Kevin Arduini approda sulle scene difficili del Teatro Verdi di Sassari, dove da più di 100 anni la lirica ne è rigida ed imperante regina. Uno spettacolo difficile possiamo dire, forse mai stato realizzato prima d’ora sulla divina. L’indomito Kevin Arduini riesce a coinvolgere un pubblico di tutte le età dando allo spettacolo una furba e iniziale veste fiabesca: il pubblico si riconosce immediatamente nei colori sfavillanti dei costumi surreali, nella dolcezza sognante della protagonista, (limpida eroina), nelle tinte di un mare, ove come l’eco del canto delle sirene, riemerge la voce e l’anima della Callas, dopo che le sue ceneri spariscono fluttuante nell’ oscuro Mar Egeo.
I vibranti canti delle Streghe del Macbeth, capolavoro di Giuseppe Verdi, che l’astuto regista sceglie per la scena della resurrezione della divina, si sposano perfettamente alla carismatica e flessuosa danzatrice che quasi come in una remota interpretazione di Callas nella Lady Macbeth, emerge dall’oscurità della sua stessa anima in pena, riflettendosi in una nuova e sfuggente luce flebile di se stessa. È qui che evidente e pulsante appare il genio di Arduini: il pubblico è in trappola, tratto dall’inganno di una scorrevole e cristallina semplicità iniziale, scivola inarrestabile nel limbo tra un inferno e paradiso senza nemmeno accorgersene. Questo accade per via di una narrazione veloce e snella, che quasi incanta, mentre indisturbato e mimetizzato nel bello, cresce il tormento di un animo inquieto come quello della grande Callas. Pian piano cresce a dismisura fino ad attanagliare il respiro. Arduini presenta una Callas florida e genuina che da un altro lato è invece quasi divorata dalla pazzia di una vita difficile oltre lustrini e riflettori. Memorabile la distruzione dell’immagine di una sedia traballante nel momento di chiusura del primo atto, dove quasi distrugge uno specchio, che fino a poco prima aveva invece avuto ruolo fondamentale di rinforzo per l’immagine di una invincibile donna di spettacolo, sopra ogni cosa.
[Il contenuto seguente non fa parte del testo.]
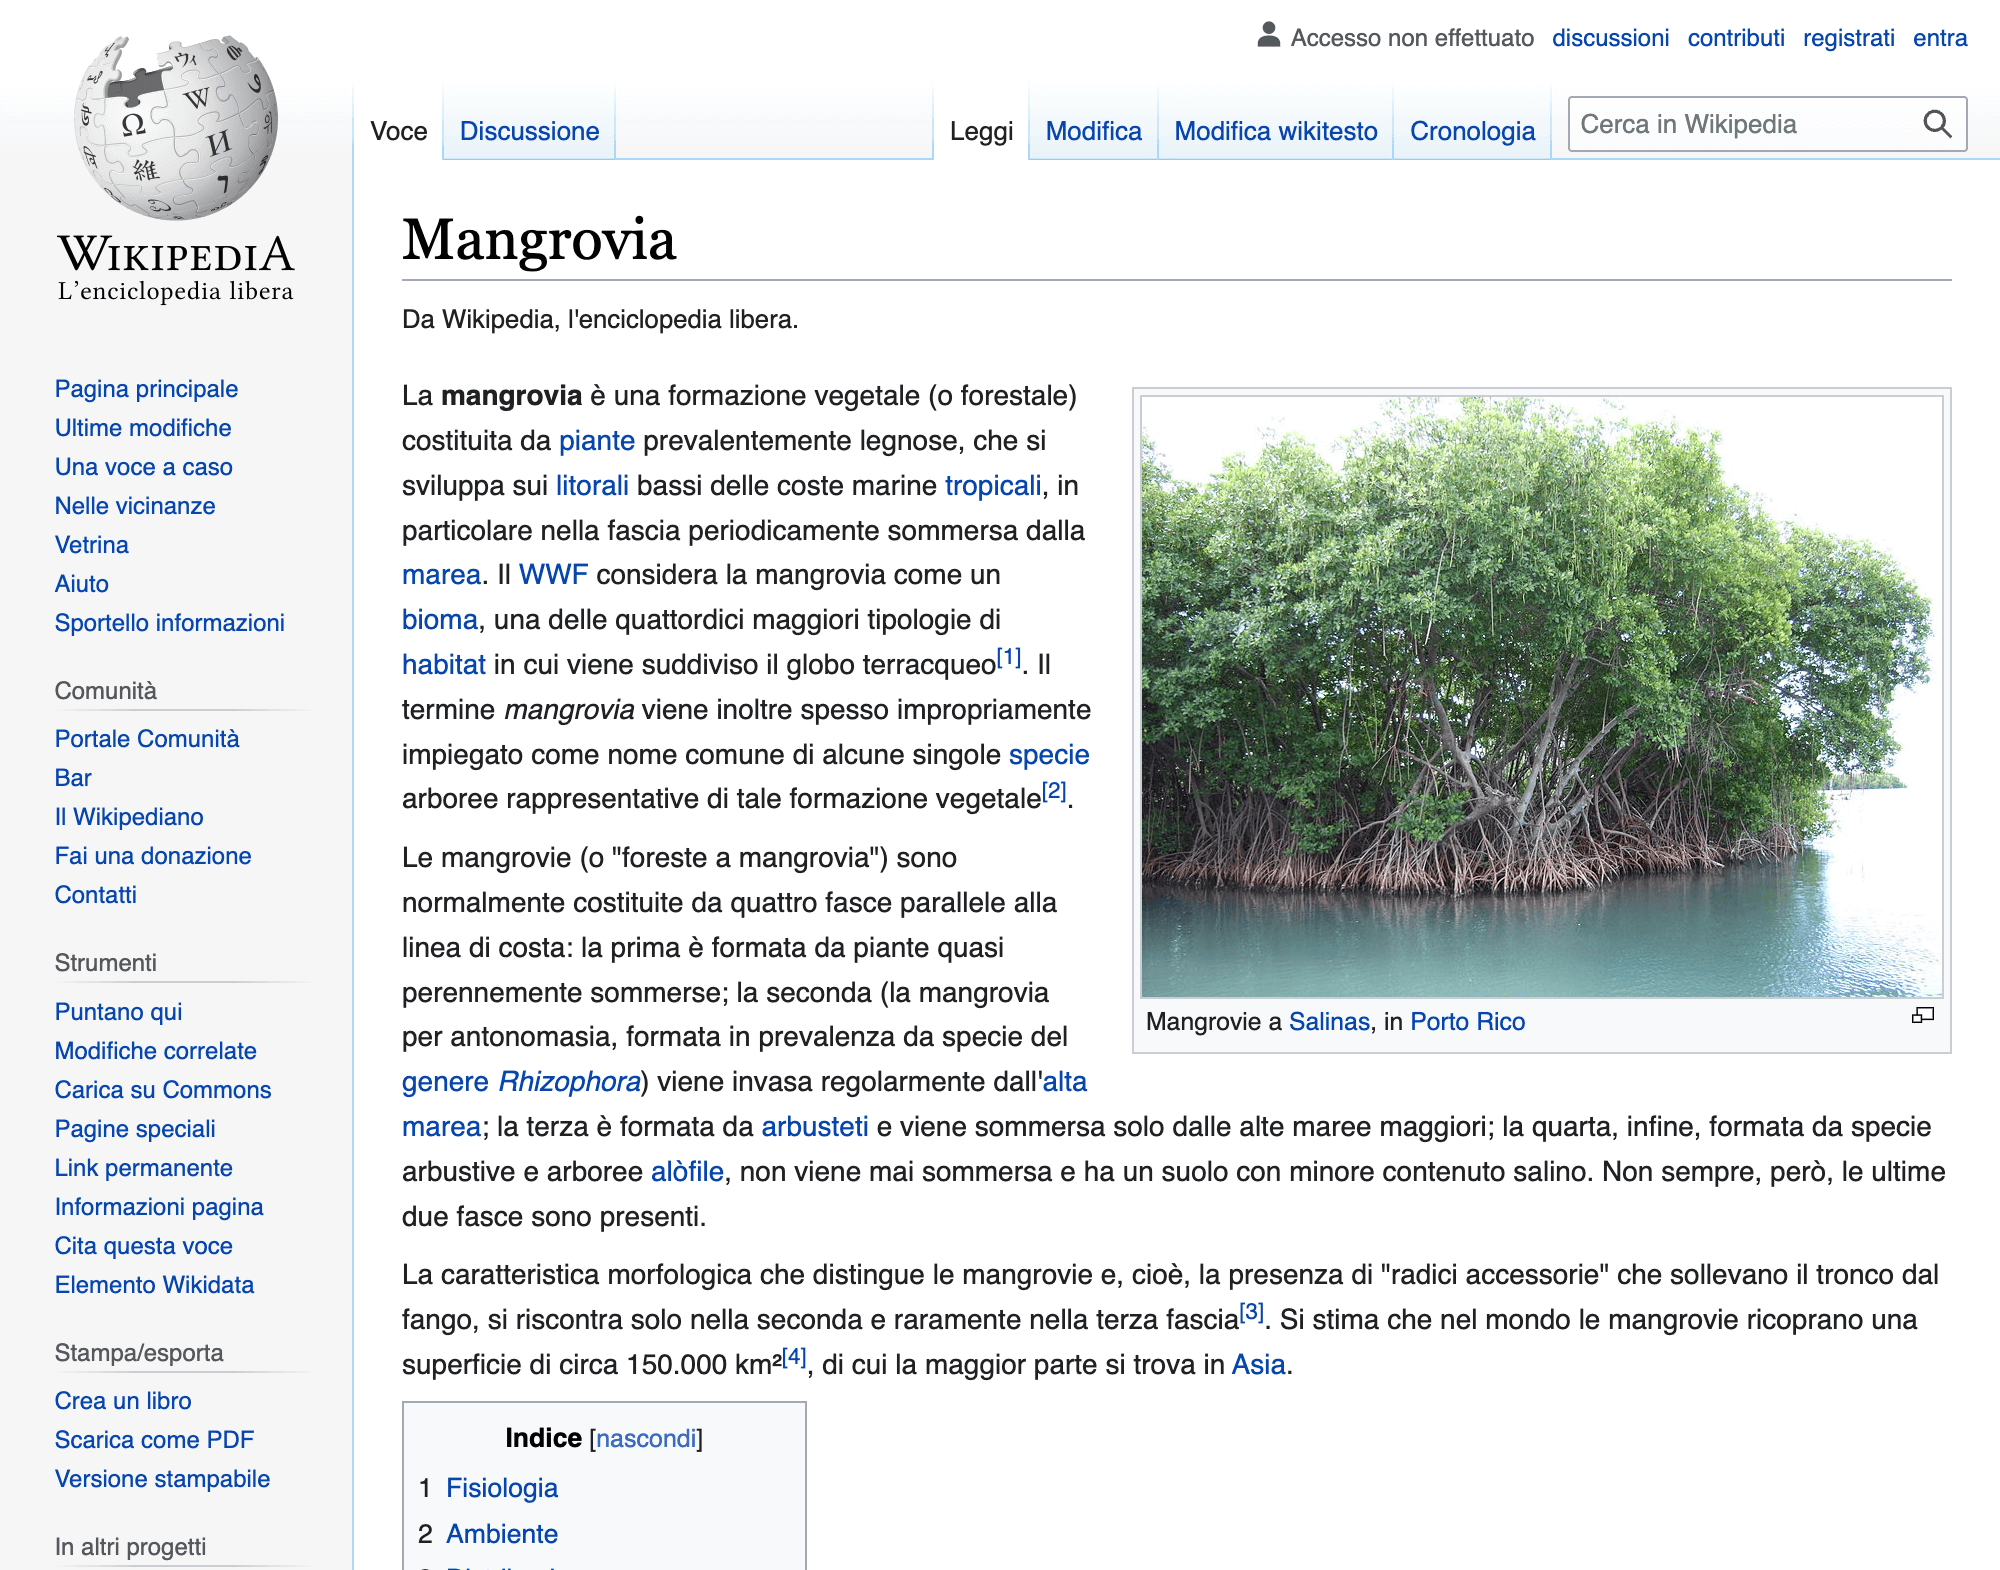 Mostra la pagina di Wikipedia per il termine "mangrovia"

Le luci sono bellissime, gli attori maturi al punto giusto nonostante la giovane età. Interessante la trovata di un Onassis così giovane e bello che invece nel momento della morte del secondo atto, riesce a dare una drammaticità e anzianità quasi cinematografica al ruolo. Delicata e misurata la figura di mamma Evangelia, che con avvincente intenzione riesce a misurare un’interpretazione che crea distacco e complessa indeformabilità in un nucleo familiare ombroso, appesantito da una guerra da un potere tale da far ogni cosa vacillare: il rapporto figlia-mamma in primis.
Tutti i personaggi dello spettacolo, da Pasolini (edificatore di attimi di poesia pura) interpretato da un attore che sembra abitato da un frammento d’anima di Carmelo Bene, alle interpretazioni impeccabili dell’estatico pianista, e del dionisiaco Onassis, quasi attraverso un perpetuo “stadio dello specchio”, l’artista, nel riflesso più profondo di questo, si riconosce, trova la sua parte migliore e senza filtri la sottopone generosamente al pubblico. Bagliori di luci di rara anima, verità incredibili arrivano da questo geniale spettacolo, sicuramente all’avanguardia, soprattutto per un pubblico così abituato all’opera lirica, intesa nella sua più tradizionale essenza. Non poche le critiche raccolte da Arduini buone o meno, che fanno sicuramente di questa “Maria Callas” uno spettacolo unico, che divide il pubblico e fa parlare ancora notevolmente a distanza di due settimane dalla messa in scena al Teatro Verdi di Sassari. Arduini sorride a fine spettacolo, lo sguardo accattivante, sembra nascondere la follia di un’artista dalla brillante mente diabolica.